Duane Vaagen gets a third of his timber on national forest, and he says there’s still enough infrastructure nearby to make small trees economical. Leaves and branches produce electricity at a biomass plant; damaged logs go to a pulp mill for paper. Vaagen says the problem is that even with millions of acres of forest nearby, it’s hard to maintain a continuous supply of timber. “This mill should not be starved for logs… the trucks should be lining up, all the way to the grocery store.”

As it is, Vaagen says the Usk mill is losing money, running at half capacity. This isn’t uncommon: mills across the US are struggling with a weak housing market and competition from around the world. More than a third have closed in the past 20 years. But Vaagen says there’s another factor at play for mills in the West: the long planning process required to log on public land. “Federal forests, their problem is NEPA”--the National Environmental Protection Act. “It takes them five to seven years to put some projects up for sale.”
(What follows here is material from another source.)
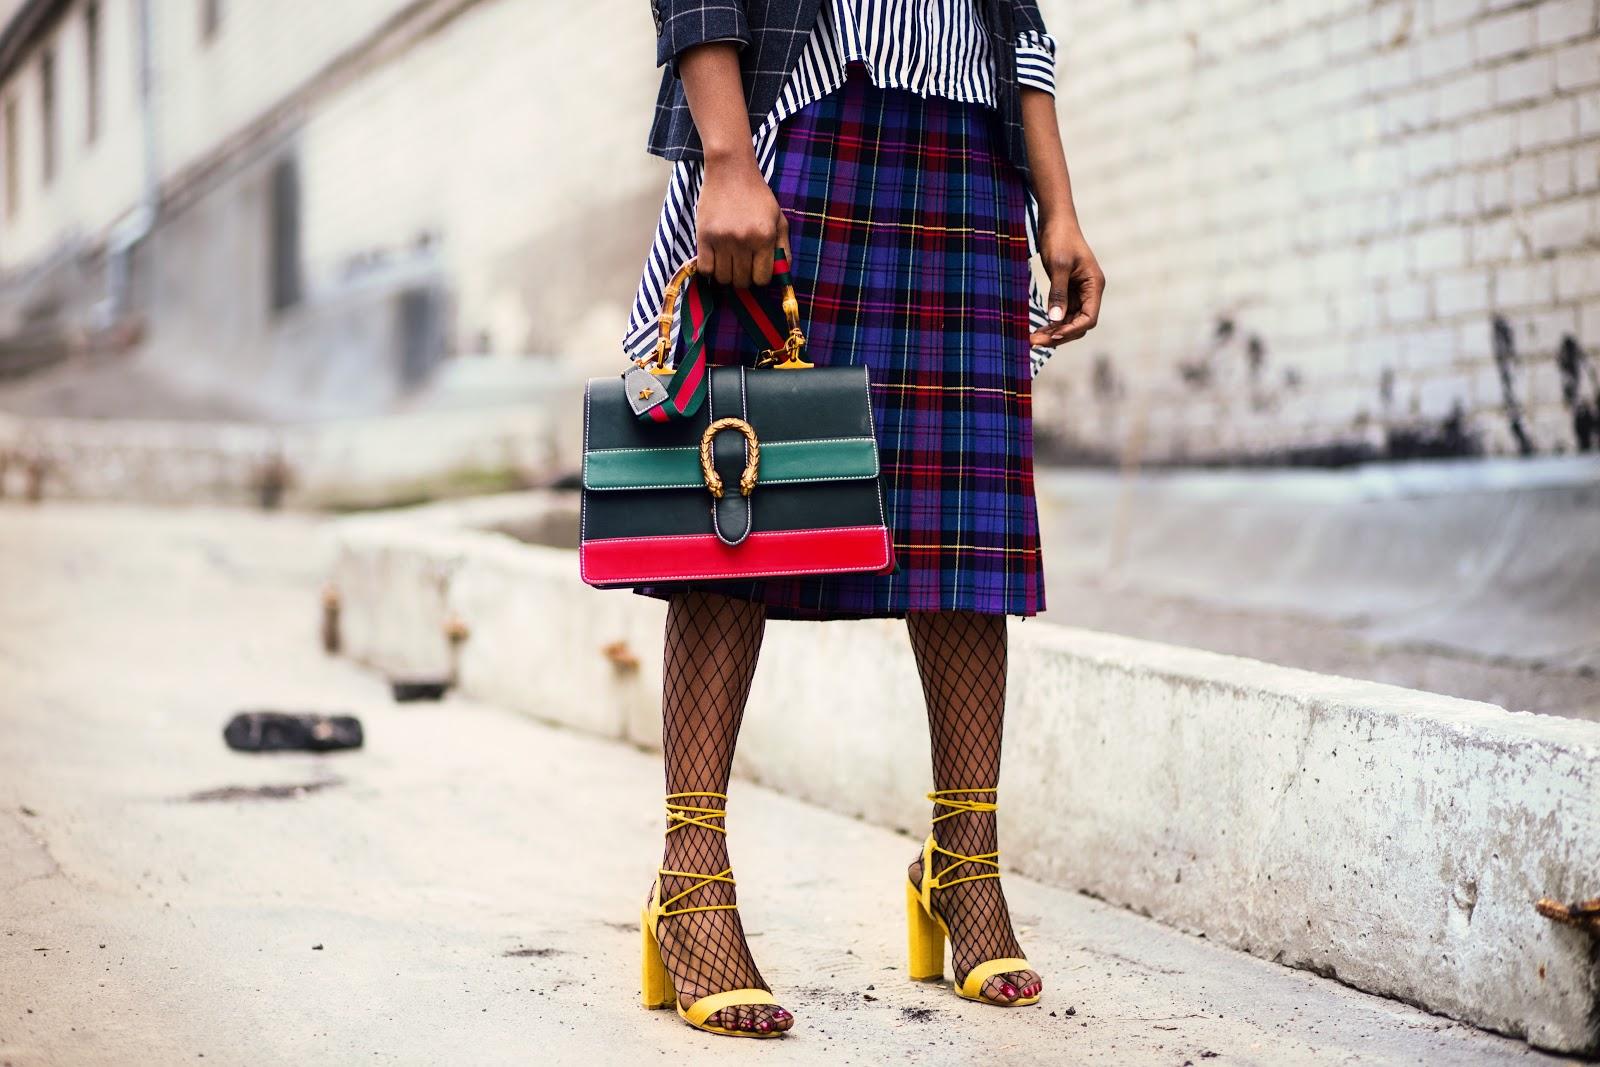 דוגמנית עם גרבי רשת, תיק ביד, לבושה בחצאית עם צבעים

Colville National Forest spokesman Franklin Pemberton says some of that delay is unavoidable. “You can only go as fast as you can go when you have things like winter, or heavy snow pack, when the botanist can’t get in there, or a wildlife biologist can’t survey for a particular species because it’s not the right time of year,” he says.
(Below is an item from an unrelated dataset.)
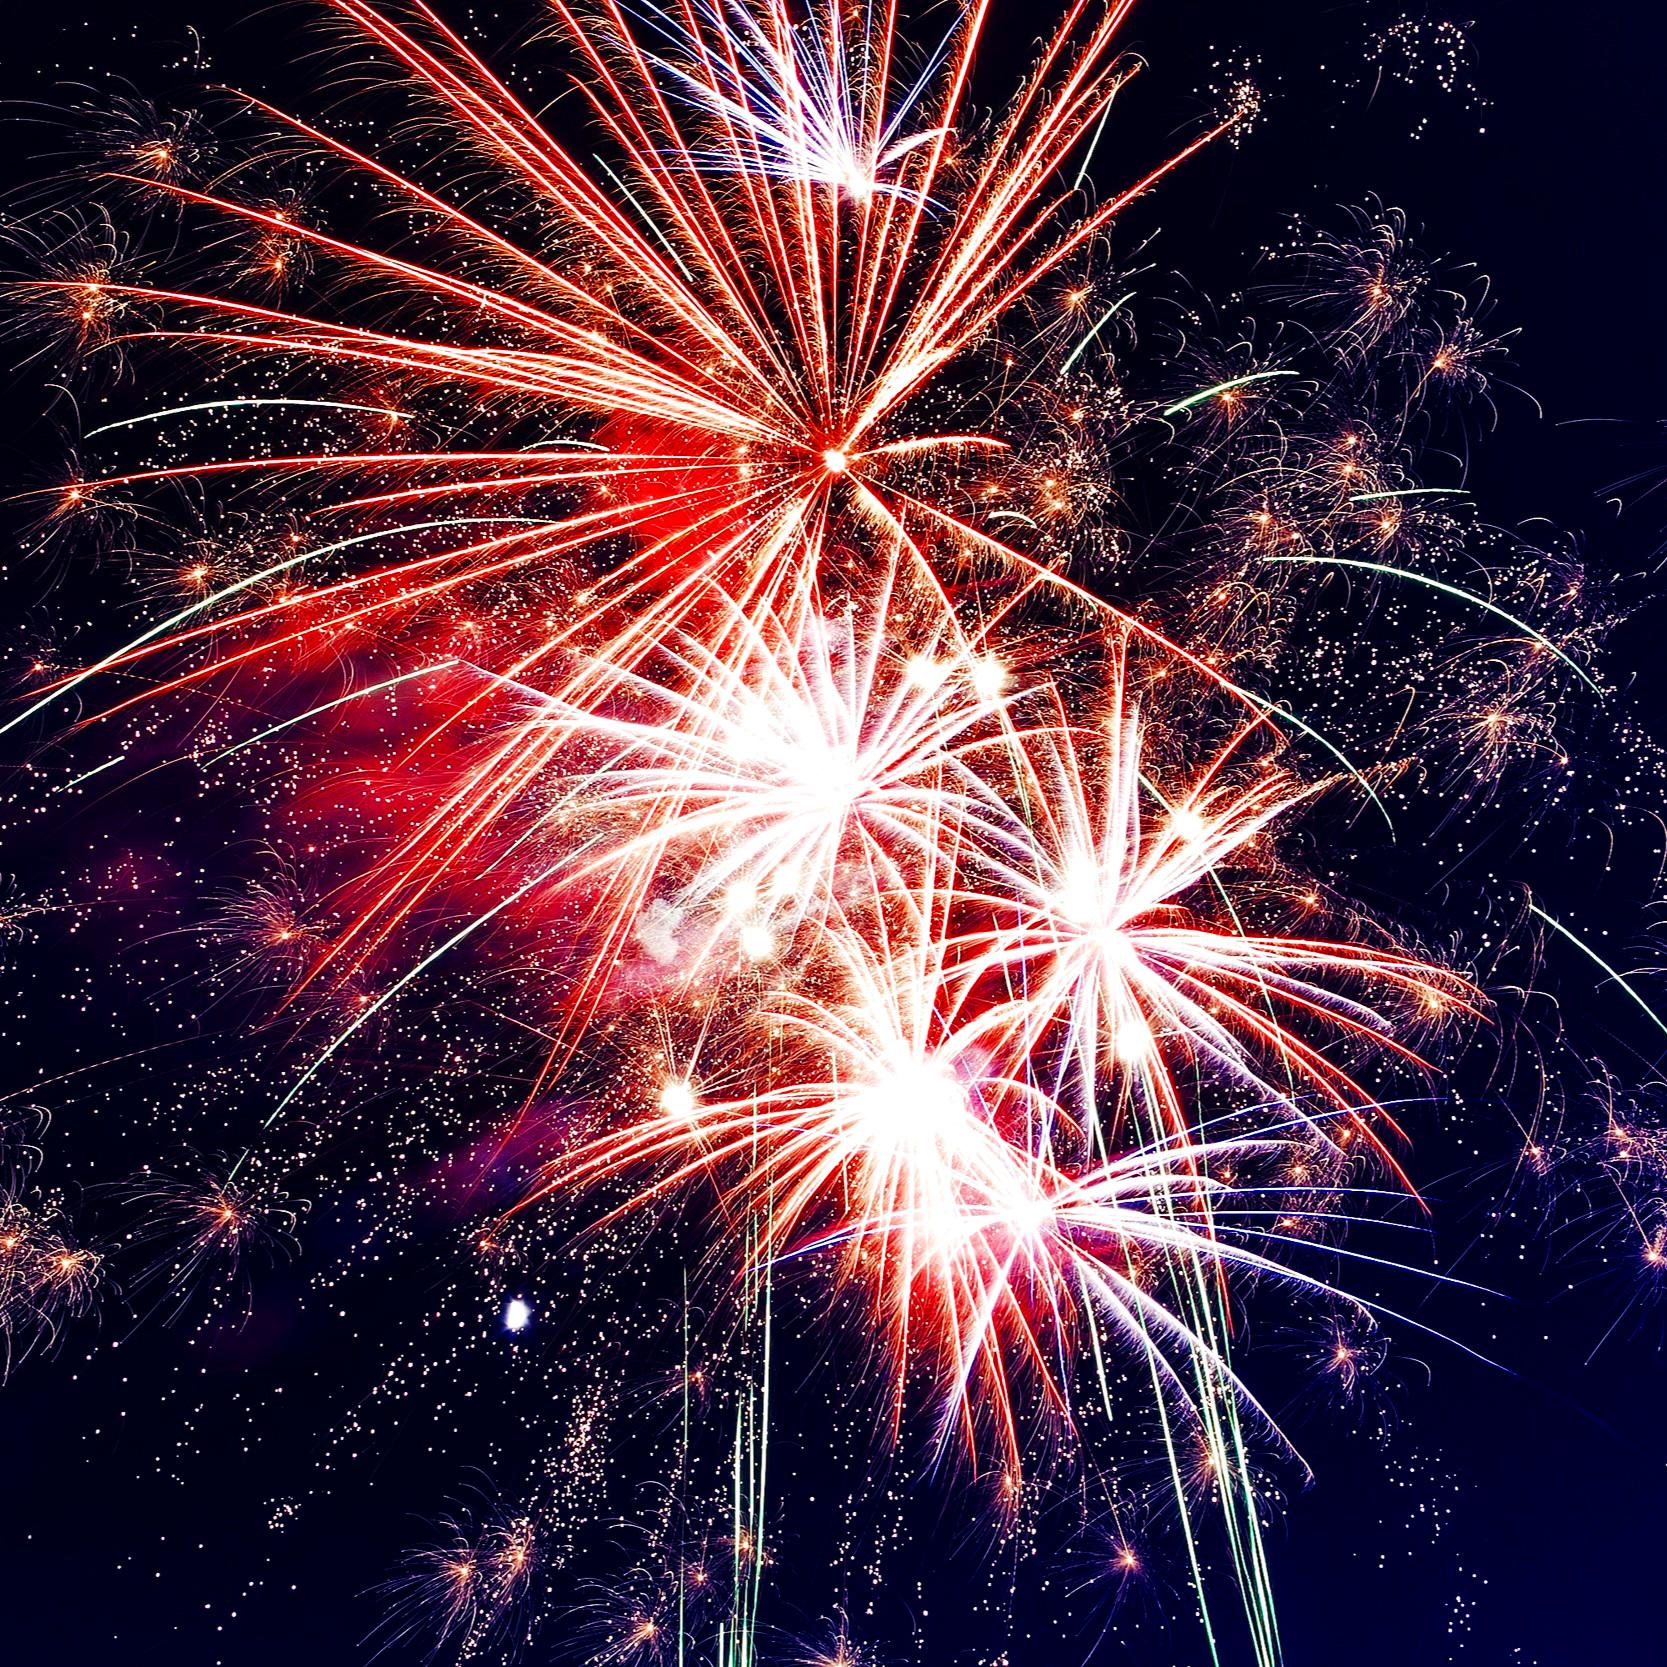 Fireworks%2B01.jpg

But Pemberton says the growing time and expense of fighting wildfires has also derailed day-to-day work at the Forest Service. Nearly half the agency’s employees already work on fire full-time. As for the others, Pemberton says, “If we break a fire, that botanist, then, their priority is that fire. So they’ll shift over and then they’ll support that fire activity until it’s done and they’ll move back to their normal job.”

One bill moving through Congress could help fix that: the Wildfire Disaster Funding Act would fund wildfire response just like other natural disasters, freeing up more money for land management. For now, wildfire interrupts the same Forest Service projects that are intended to prevent large fires in the future.

On a drive through dense woods near Colville, Pemberton says decades of excessive logging and firefighting left thick stands of small trees especially vulnerable to big fires and disease. Then, he points out a stand recently thinned by Vaagen Brothers and set with a controlled, man-made burn: “You can look back in there and see that there’s not as much dead stuff on the ground. It’s a little bit more open, you have a variety of ages of trees.”

It’s not clear how much difference this thinning could make in a mega-fire: wind and weather may be even more important than fuel. Still, some say more than 50 million acres of federal land would benefit from similar treatment.

Colville and other national forests are trying to scale up thinning work by signing long-term “stewardship” contracts: companies get timber free in exchange for wildlife-friendly work like replacing culverts and taking out old logging roads. “Without these mills we simply can’t restore ecosystems,” Pemberton says. “We don’t have the machinery, the equipment, the people.” Duane Vaagen agrees: the mills used to need the forests, he says. Now the forests need the mills.